The Sunday Times draws attention today, Mother’s Day (March 14), to a co-operative initiative between a US and a UK fertility clinic focusing on the marketing of human eggs to UK infertility patients. There will be a seminar in London this week and one of the attendees will be ‘awarded a free single donor egg IVF cycle’ as an added commercial incentive to attend the seminar.
‘The capacity of the IVF industry to commodify human life reaches a new low with this latest deplorable initiative,’ said Josephine Quintavalle, who directs CORE, a think-tank organization which confronts the many ethical issues associated with assisted reproduction.
‘Imagine a child one day finding out that he or she came into being thanks to such a blatantly commercial initiative? Won in a raffle?
‘The US clinic, which we do not even wish to name to avoid any form of promotion of their unseemly initiative, has a pick-and-mix application site online so that buyers can choose the best match to their own ethnic background. Eye colour, hair colour, educational background are all listed on their website, along with cutesy pictures of the women in question when they were children.

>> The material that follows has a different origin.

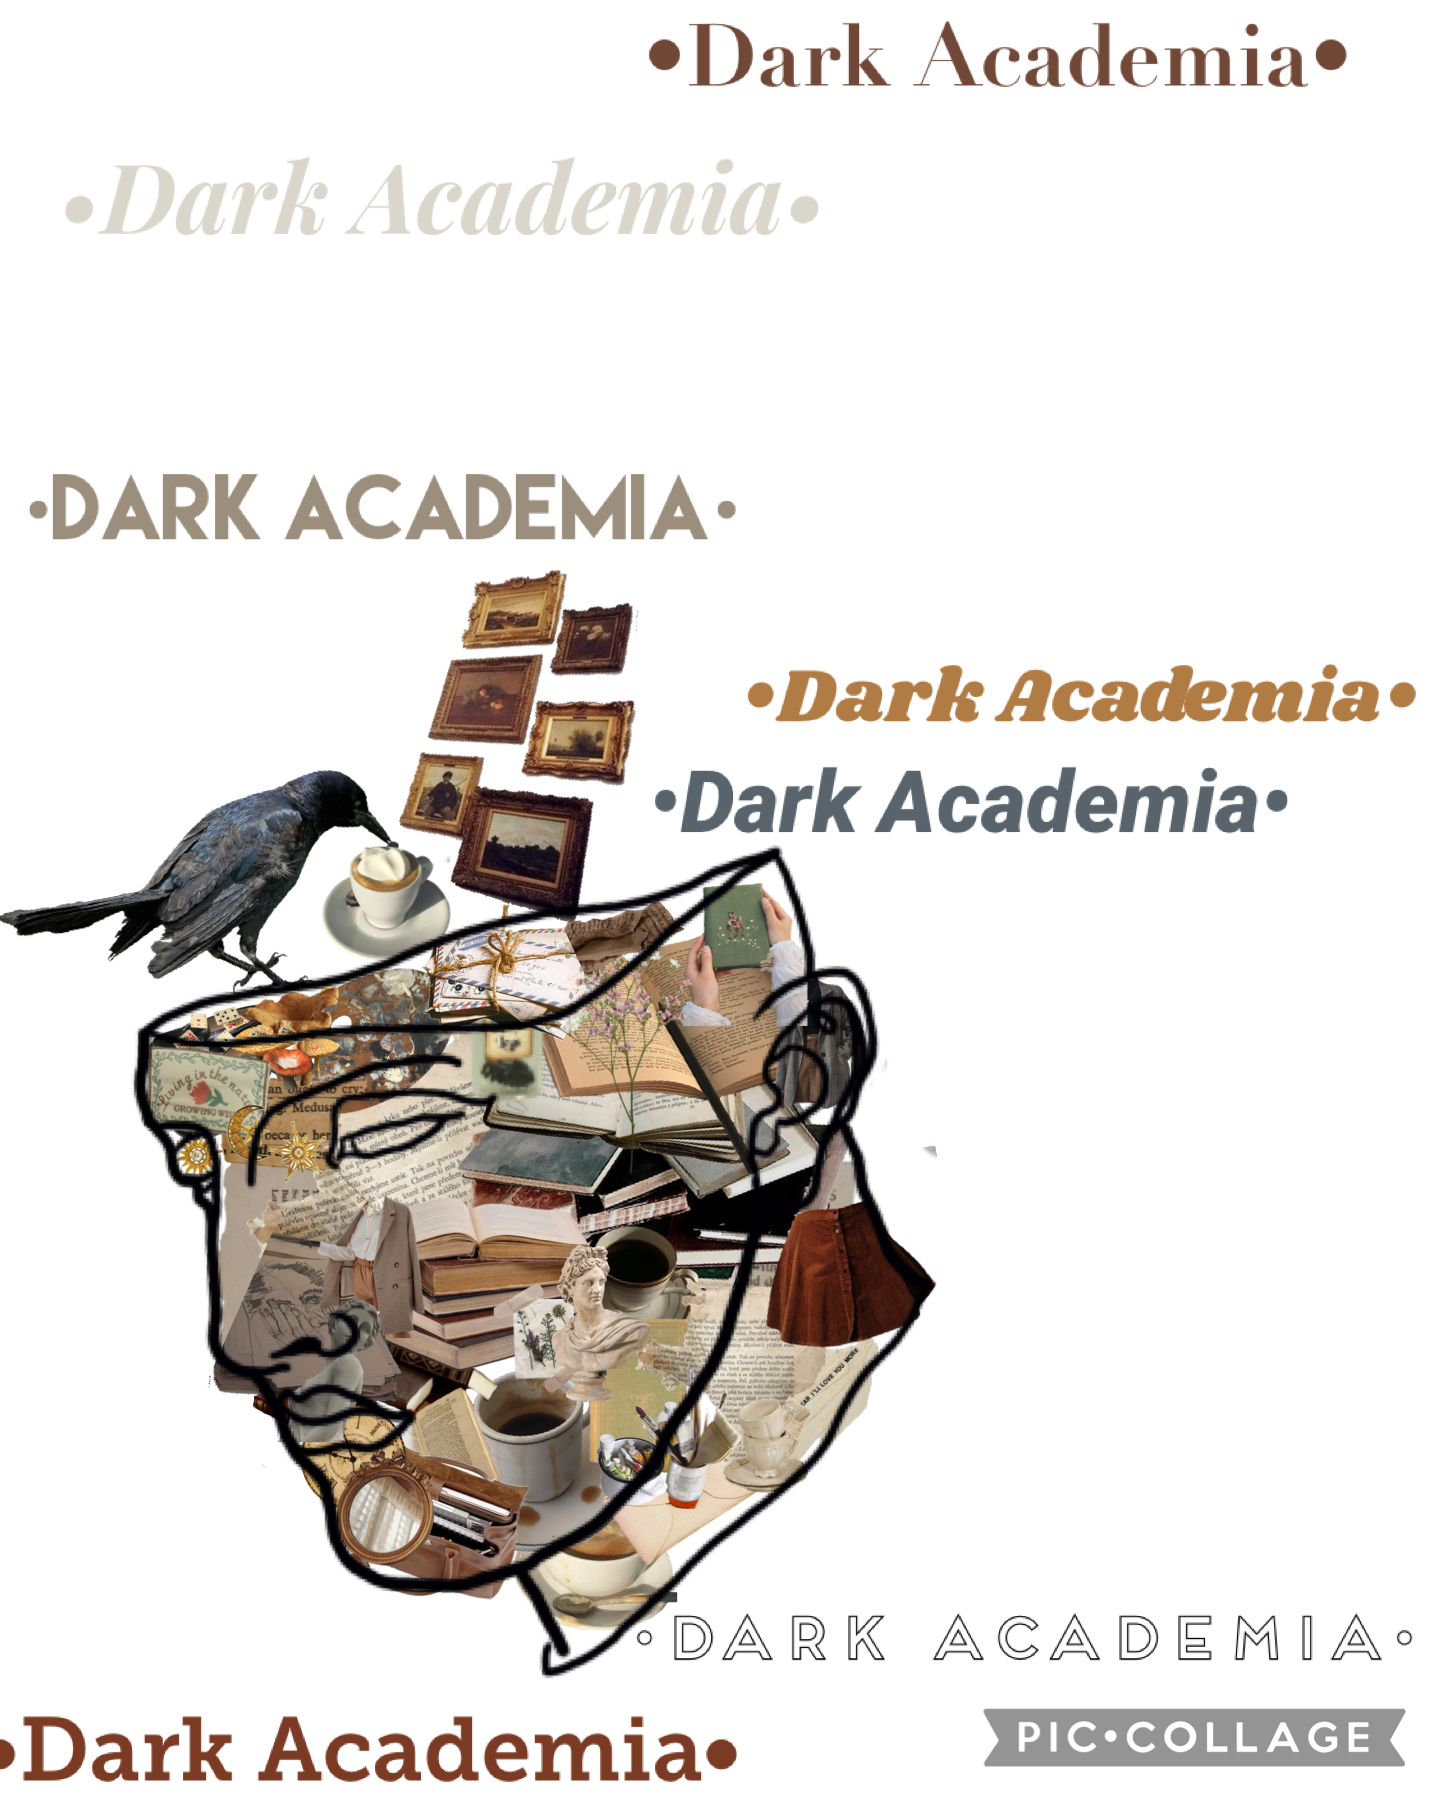 It’s fall! And in my eyes fall and Dark academia are the same thing! My aesthetics are cottage core and Dark Academia 🙂

‘CORE is not prepared to describe the women selling their eggs as donors, as that camouflages what they are actually doing. They are simply getting money in exchange for body parts, certainly not participating in an altruistic transaction.
‘We have , nevertheless, great concern for these women’s welfare, as egg harvesting is by no means a risk-free process and many of those involved worldwide in the human egg market have suffered significantly as a result. The most serious consequences of egg collection include death, total or partial loss of fertility, various other major medical complications, and psychological distress as well.
‘The Sunday Times quotes one enthusiastic UK recipient who is expecting twins thanks to a woman in America who apparently produces 30 eggs at a time. No woman produces that many eggs naturally; it is only possible through ovarian hyperstimulation.
‘It should be noted, too, that in their relatively short reproductive life cycle women have a limited number of eggs and one can well envisage (as has already happened) that many of the women selling their eggs today will have to resort to buying eggs for themselves later on as their own ovarian function has been seriously impaired.
‘The IVF clinics involved in this initiative are feeding off the colossal vulnerability of wealthy infertile women at the expense of the welfare of equally vulnerable poorer younger women; not an edifying trade-off under any circumstances, but particularly not when children are involved.
‘Sale of human tissue, including human gametes, is prohibited across Europe. No UK clinic should be collaborating in anyway whatsoever with this totally unedifying US commercial practice.’